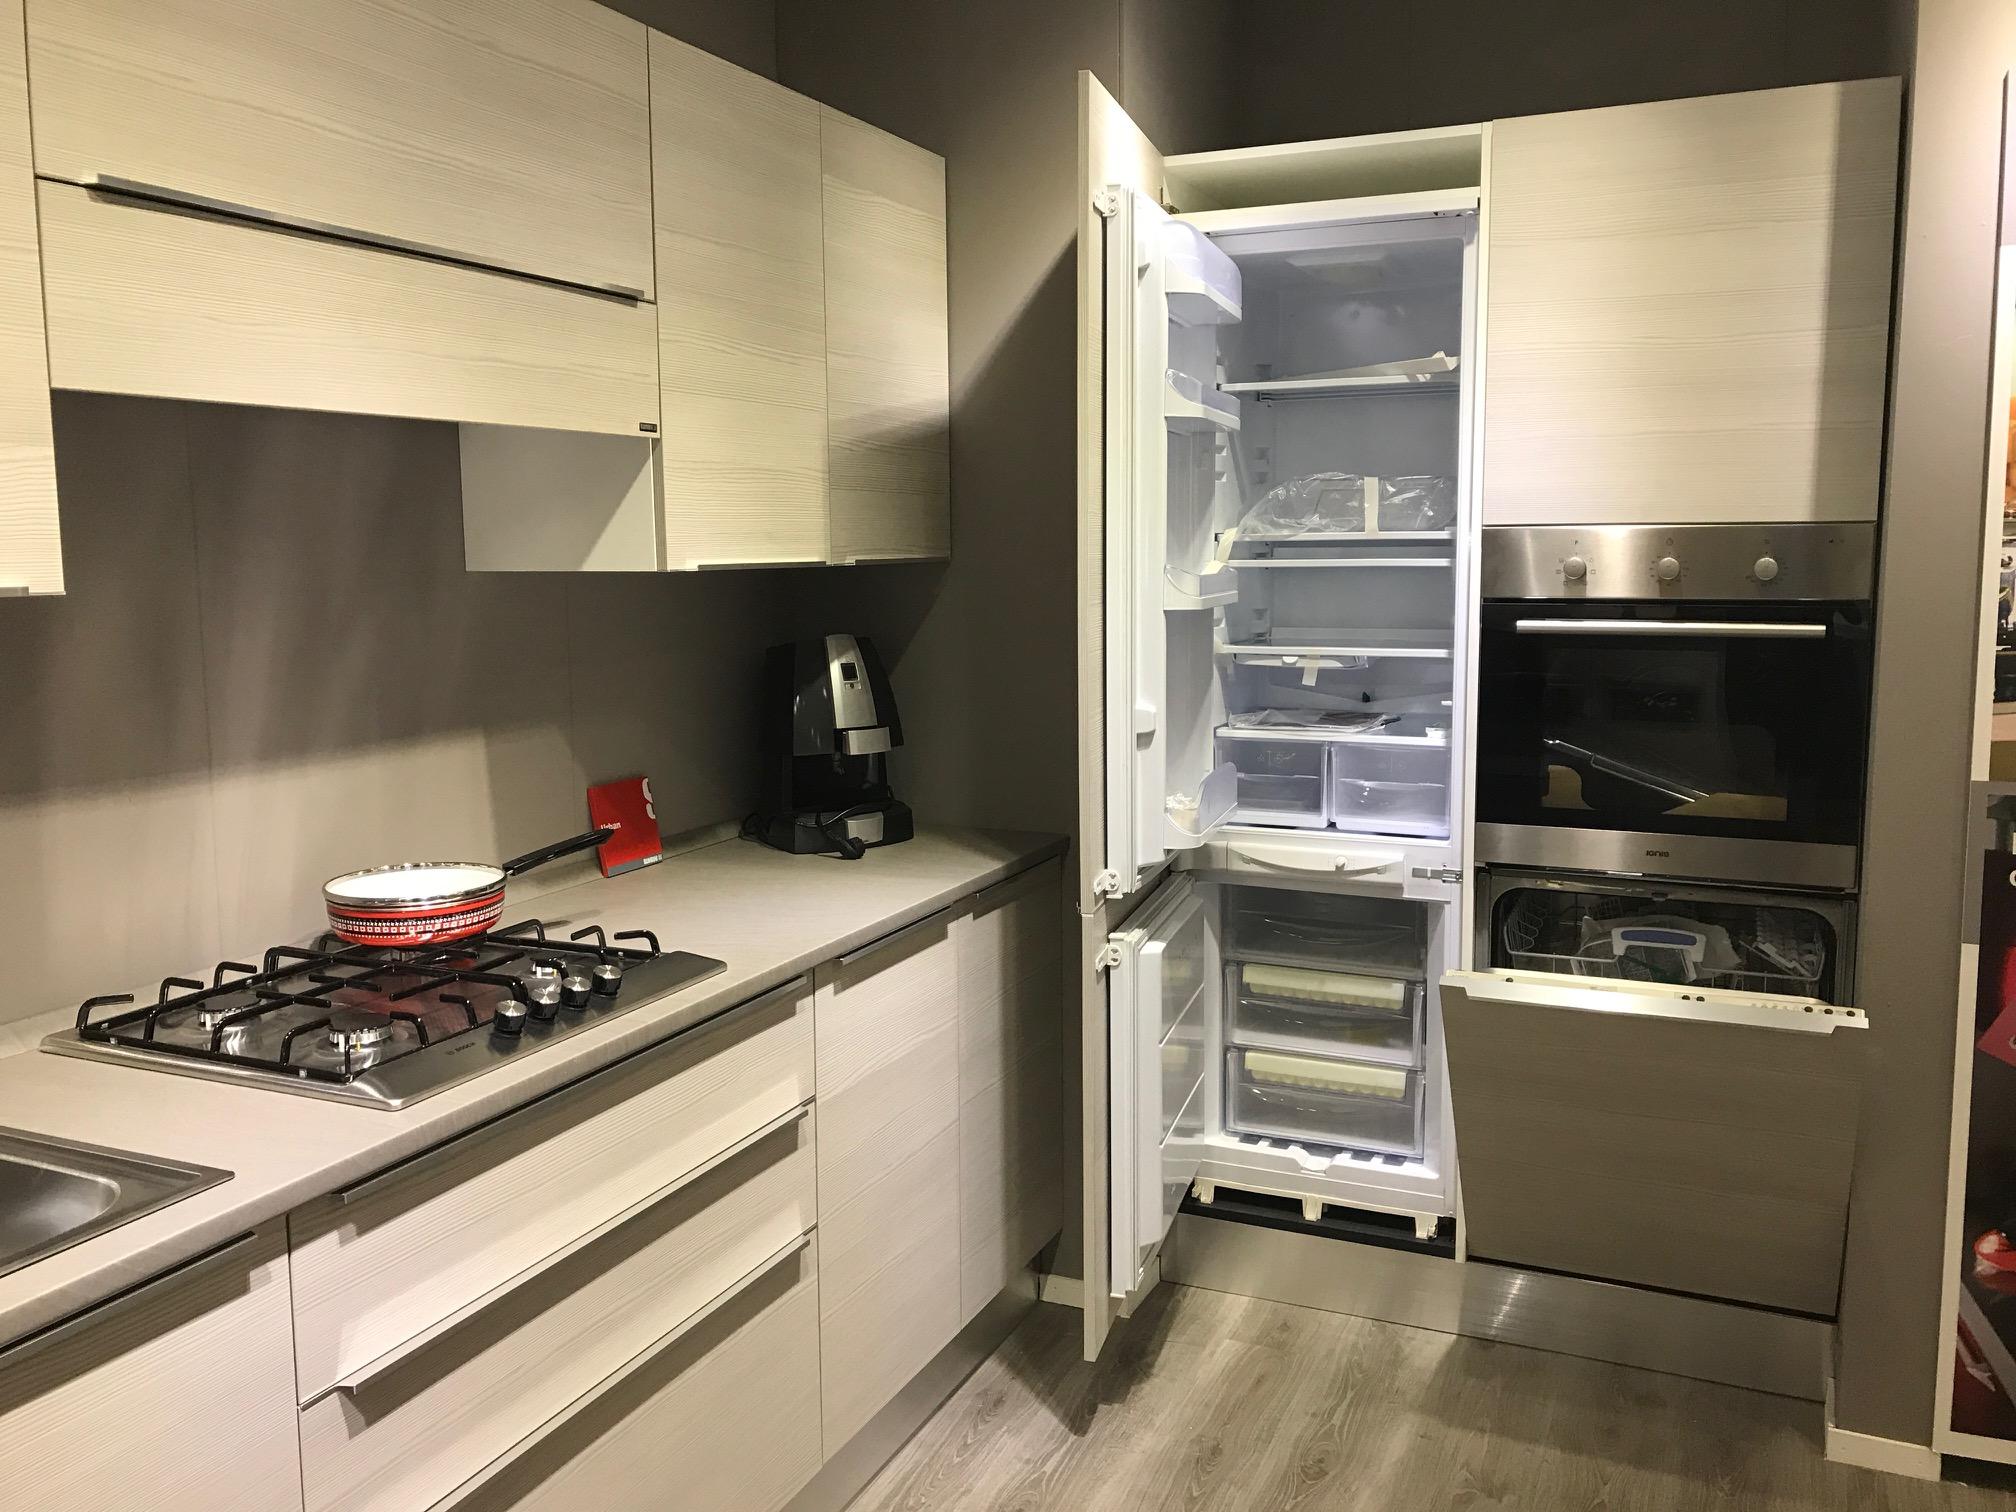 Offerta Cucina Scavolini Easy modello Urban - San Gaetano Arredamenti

* * *

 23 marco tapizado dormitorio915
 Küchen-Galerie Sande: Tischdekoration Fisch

> _What you will do_
In the listing above, find the line holding "23 marco tapizado dormitorio915" and the line holding "Küchen-Galerie Sande: Tischdekoration Fisch", then output those two lines and every line between them exactly.

> _Result for this task_
 23 marco tapizado dormitorio915
 Küchen-Galerie Sande: Tischdekoration Fisch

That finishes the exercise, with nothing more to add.